**TASK REQUIREMENTS:**
Below are records; report how many of their lines contain the word "Square", giving only the number.

**Records from a data collection:**
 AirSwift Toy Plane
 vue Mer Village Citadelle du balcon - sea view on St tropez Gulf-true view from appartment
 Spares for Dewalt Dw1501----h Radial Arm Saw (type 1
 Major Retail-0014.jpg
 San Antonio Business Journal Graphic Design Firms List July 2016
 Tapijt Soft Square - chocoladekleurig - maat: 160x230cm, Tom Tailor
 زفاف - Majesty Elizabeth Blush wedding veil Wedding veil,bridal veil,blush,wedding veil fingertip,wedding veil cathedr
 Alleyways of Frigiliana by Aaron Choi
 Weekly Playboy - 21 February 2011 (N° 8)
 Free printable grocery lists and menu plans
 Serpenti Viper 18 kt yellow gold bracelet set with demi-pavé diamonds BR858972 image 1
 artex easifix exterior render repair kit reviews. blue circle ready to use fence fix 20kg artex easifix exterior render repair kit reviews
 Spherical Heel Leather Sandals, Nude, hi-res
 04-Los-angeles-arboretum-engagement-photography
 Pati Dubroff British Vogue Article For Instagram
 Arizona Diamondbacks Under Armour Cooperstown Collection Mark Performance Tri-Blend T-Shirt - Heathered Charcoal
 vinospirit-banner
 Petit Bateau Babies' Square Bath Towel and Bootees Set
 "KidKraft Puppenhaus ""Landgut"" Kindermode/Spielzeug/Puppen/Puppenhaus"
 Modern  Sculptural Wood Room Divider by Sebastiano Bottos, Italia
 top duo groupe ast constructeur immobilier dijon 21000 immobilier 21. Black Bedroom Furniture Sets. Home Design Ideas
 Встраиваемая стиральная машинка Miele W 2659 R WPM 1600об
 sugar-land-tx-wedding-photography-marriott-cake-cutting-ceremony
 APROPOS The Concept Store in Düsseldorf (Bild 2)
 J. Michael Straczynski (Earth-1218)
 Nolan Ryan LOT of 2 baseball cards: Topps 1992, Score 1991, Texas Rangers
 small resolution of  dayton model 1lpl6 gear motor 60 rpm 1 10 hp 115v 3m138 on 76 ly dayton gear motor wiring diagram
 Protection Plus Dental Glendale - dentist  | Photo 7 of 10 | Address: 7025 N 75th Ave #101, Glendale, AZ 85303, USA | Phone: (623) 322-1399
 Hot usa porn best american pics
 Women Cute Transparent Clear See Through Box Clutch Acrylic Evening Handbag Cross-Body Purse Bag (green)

**EXERCISE ANSWER:**
2